Washington: Hundreds of novel genes that are mutated in stomach cancer, the second-most lethal cancer worldwide, have been identified.
The finding by an international team of scientists, led by researchers from the Duke-NUS Graduate Medical School (Duke-NUS) in Singapore and National Cancer Centre of Singapore, paves the way for treatments tailored to the genetic make-up of individual stomach tumours.
Stomach cancer is the second leading cause of cancer death globally with more than 700,000 deaths each year, and is particularly common in East Asia.
Treatment of this deadly disease is often difficult and unsuccessful because of late detection of tumours and a poor understanding of the causes. In the United States, less than a quarter of patients survive more than five years after diagnosis, even after treatment.
“Until now, the genetic abnormalities that cause stomach cancers are still largely unknown, which partially explain the overall poor treatment outcome,” said Patrick Tan, M.D., Ph.D., senior author of the study and associate professor in the Cancer and Stem Cell Biology Program at Duke-NUS.
Tan also leads the Genomic Oncology Program at the Cancer Sciences Institute of Singapore and is a group leader at the Genome Institute of Singapore.
Using state-of-the-art DNA sequencing technology, the research team analysed tumour and normal tissue from stomach cancer patients, which led to the discovery of the novel gene mutations.
“This technology allows us to read the DNA sequence of the genes in each cancer genome. This is also a major team effort involving both basic scientists and clinicians,” said co-senior author Steven G. Rozen, Ph.D., who heads the Computational Systems Biology and Human Genetics Laboratory in Duke-NUS.
The team included scientists and clinicians from three research groups affiliated with Duke-NUS, including one headed by co-senior author Teh Bin Tean, M.D., Ph.D., director of the NCCS-VARI Translational Research Laboratory at the National Cancer Center Singapore.

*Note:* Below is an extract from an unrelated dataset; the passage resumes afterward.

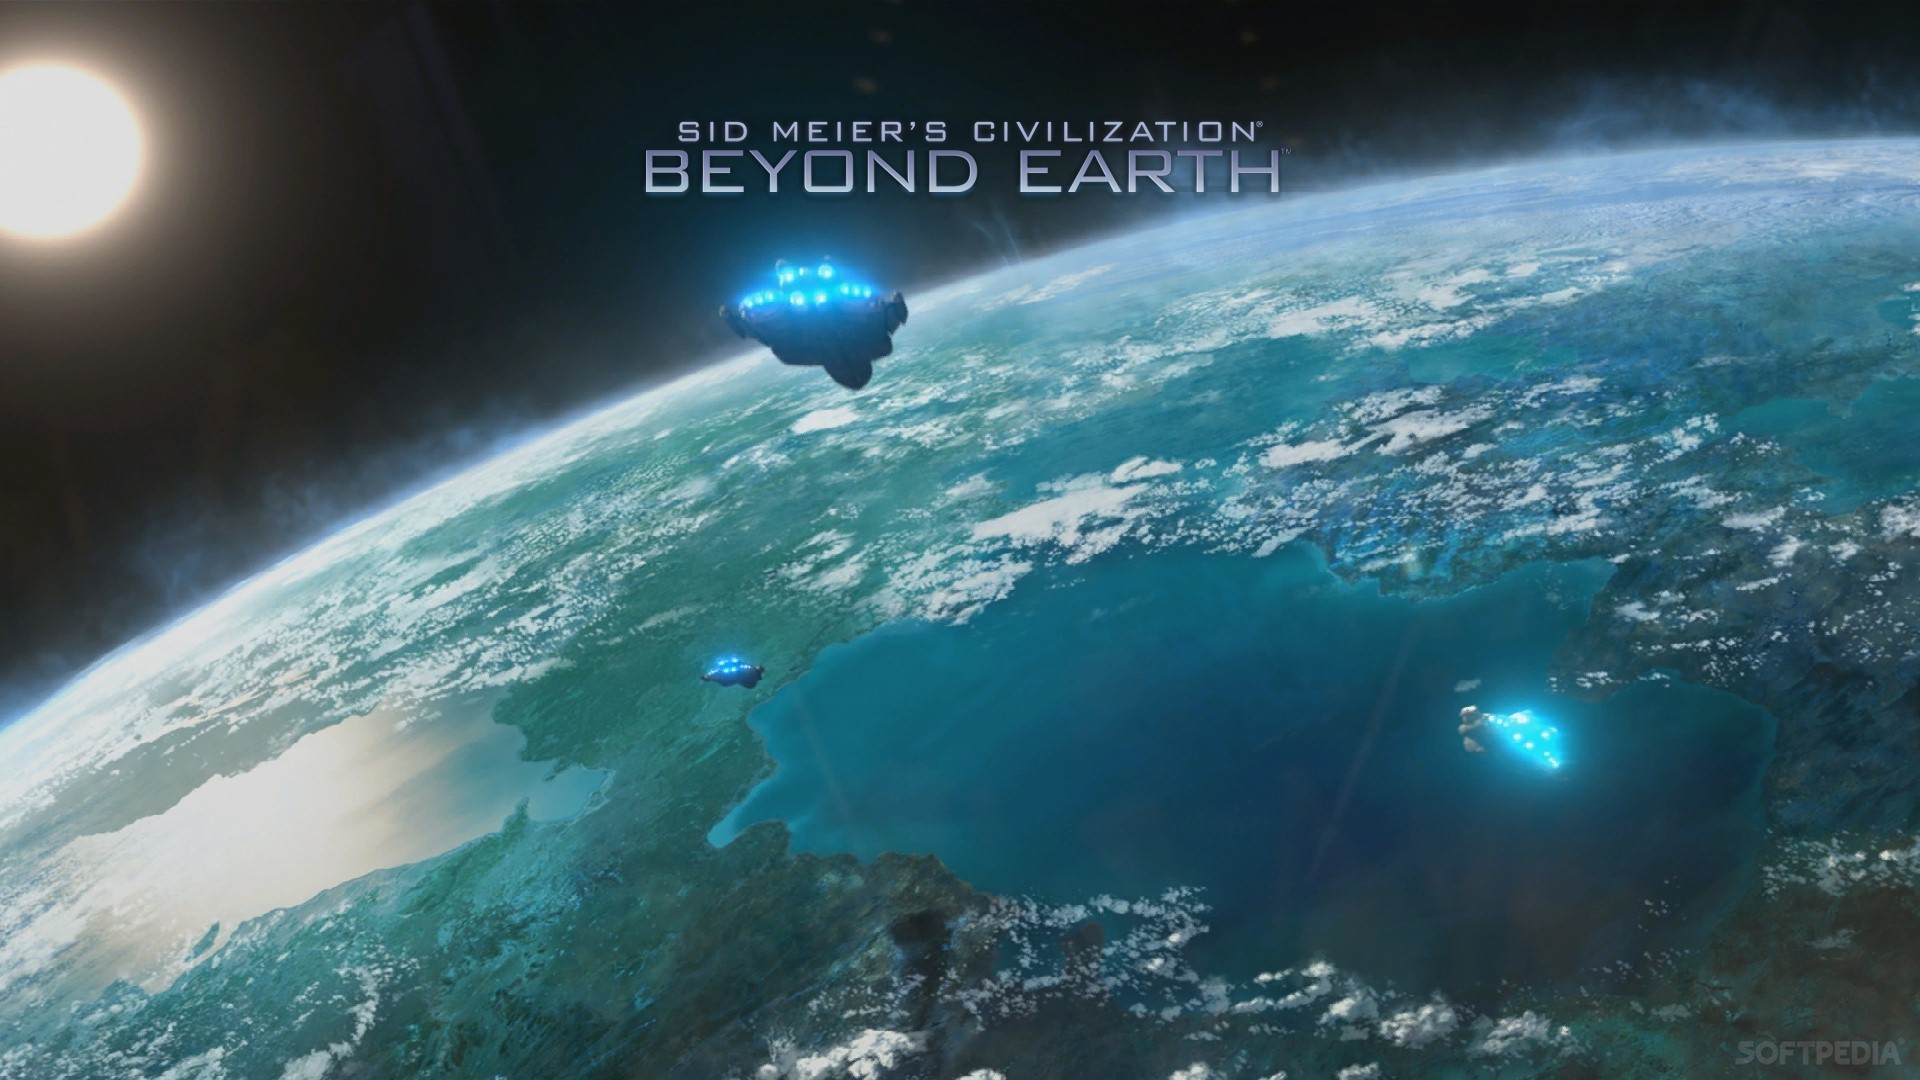 720p civilization beyond earth image

“Our study is one of the first gastric cancer studies to investigate the vast majority of human genes at the single nucleotide level. We screened 18,000 human genes and identified over 600 genes that were previously unknown to be mutated in stomach cancer,” Teh said.
Two of the 600 genes identified that were associated with stomach cancer, FAT4 and ARID1A proved to be particularly interesting.
A further analysis of about 100 stomach tumours found these genes to be mutated in 5 percent and 8 percent of stomach cancers, respectively. In some patients, portions of the chromosome containing the two genes were found to be missing, providing further evidence that genetic defects affecting these genes occur frequently in stomach cancer.
Lab experiments demonstrated the importance of these two genes in driving stomach cancer, as manipulation of FAT4 and ARID1A function altered the growth of stomach cancer cells.
“More research is required to realize the clinical implications of these findings. ARID1A and FAT4 are likely also involved in many other cancer types, not just stomach cancer,” noted Tan, whose research team is actively working on translating the results of this study into clinical applications.
With more than 100,000 new cases worldwide of stomach cancer each year likely to be caused by mutations in FAT4 or ARID1A, drugs against these targets may someday lead to more effective treatment of stomach tumours and other cancers.
The finding appears online on April 8, 2012 in Nature Genetics.